The spokesman also stressed that for an economy as large as China’s, maintaining a medium-to-high growth rate of around 5 percent is in itself also truly remarkable.

Growth highlights

Analysts said that the first-half economic growth is “stable and moderate,” and it more importantly mirrors a comprehensive picture of the recovery of the world’s second-largest economy while being confronted with challenges such as insufficient effective demand, prolonged property adjustment and weak social expectations, it is undergoing a stage of transformation toward a high-quality development model under which the development of new drivers, such as new quality productive forces, are gaining steam.

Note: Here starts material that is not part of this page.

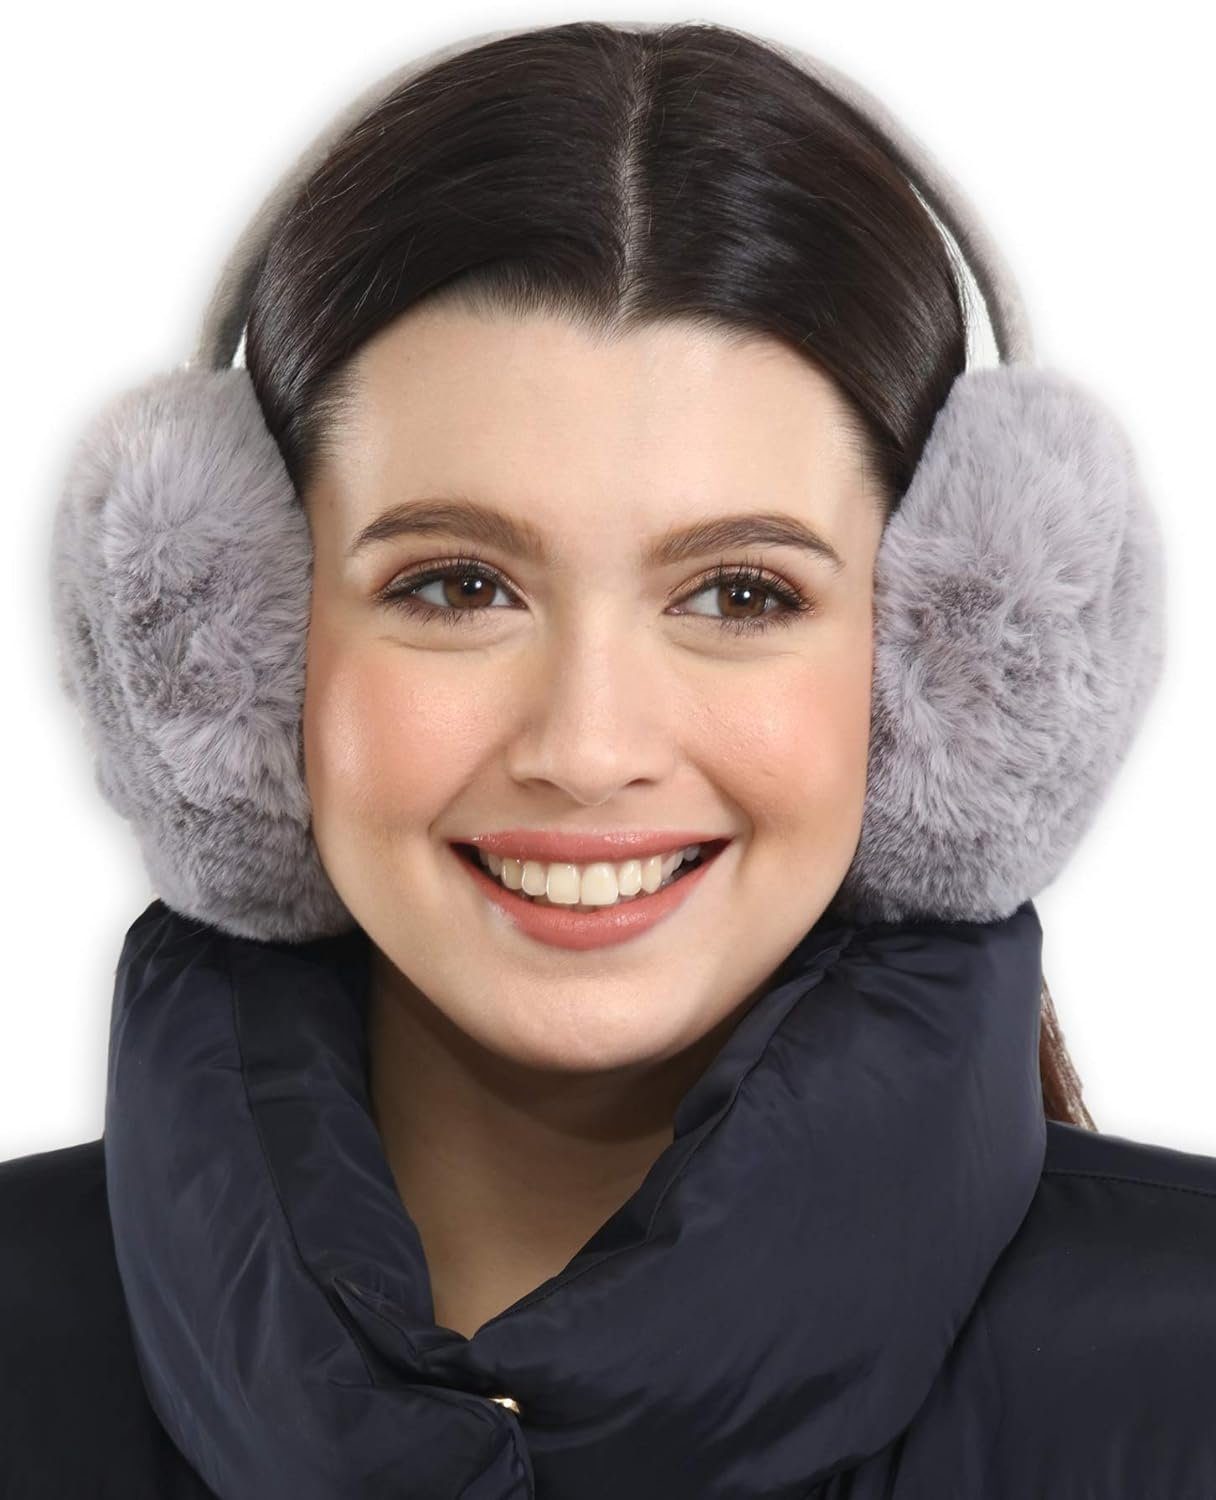 Opspring Grau für Ohrenwärmer Ohrenschützer,Winter-Ohrenwärmer,Ohrenschützer Wetter kaltes

Cao Heping, an economist from Peking University, told the Global Times on Monday that despite the slightly slower GDP growth rate in the second quarter, the country’s economic transformation and upgrading is picking up speed. He highlighted the country’s compelling export data, rapid development of new industries such as electric vehicles and investment in sci-tech innovations.

Factory activity remains the main engine for the economy, partly fueled by resilient overseas demand. The value added of industrial enterprises above a designated size jumped 6 percent year on year in the first six months, with the development of new quality productive forces showing more palpable drive.

Breaking the figures down, the output of 3D printing equipment, new energy vehicles and integrated circuit products jumped 51.6 percent, 34.3 percent and 28.9 percent, respectively, in the same period.

In the first six months, China’s exports grew a stunning 6.9 percent in yuan-denominated terms, customs data showed on Friday. As major economies like the US and EU bring down interest rates, the strength of external demand is accumulating, which will be favorable to China’s foreign trade throughout the year, analysts said.

Meanwhile, retail sales of consumer goods in the first six months were up 3.7 percent, and fixed-asset investment edged up by 3.9 percent, NBS data showed. In particular, investment in high-tech industries soared an impressive 10.6 percent year on year.

The investment data is a reflection of the country’s competitiveness in the manufacturing sector, particularly high-end manufacturing, Darius Tang, associate director of corporate at Fitch Bohua, told the Global Times on Monday.

“With the acceleration of special local government bonds as well as the 1 trillion yuan ultra long-term special treasury bond issuance, the gradual formation of physical workloads will help infrastructure investments, especially those that utilize funds from treasury bonds, to maintain a moderate growth rate,” Tang noted.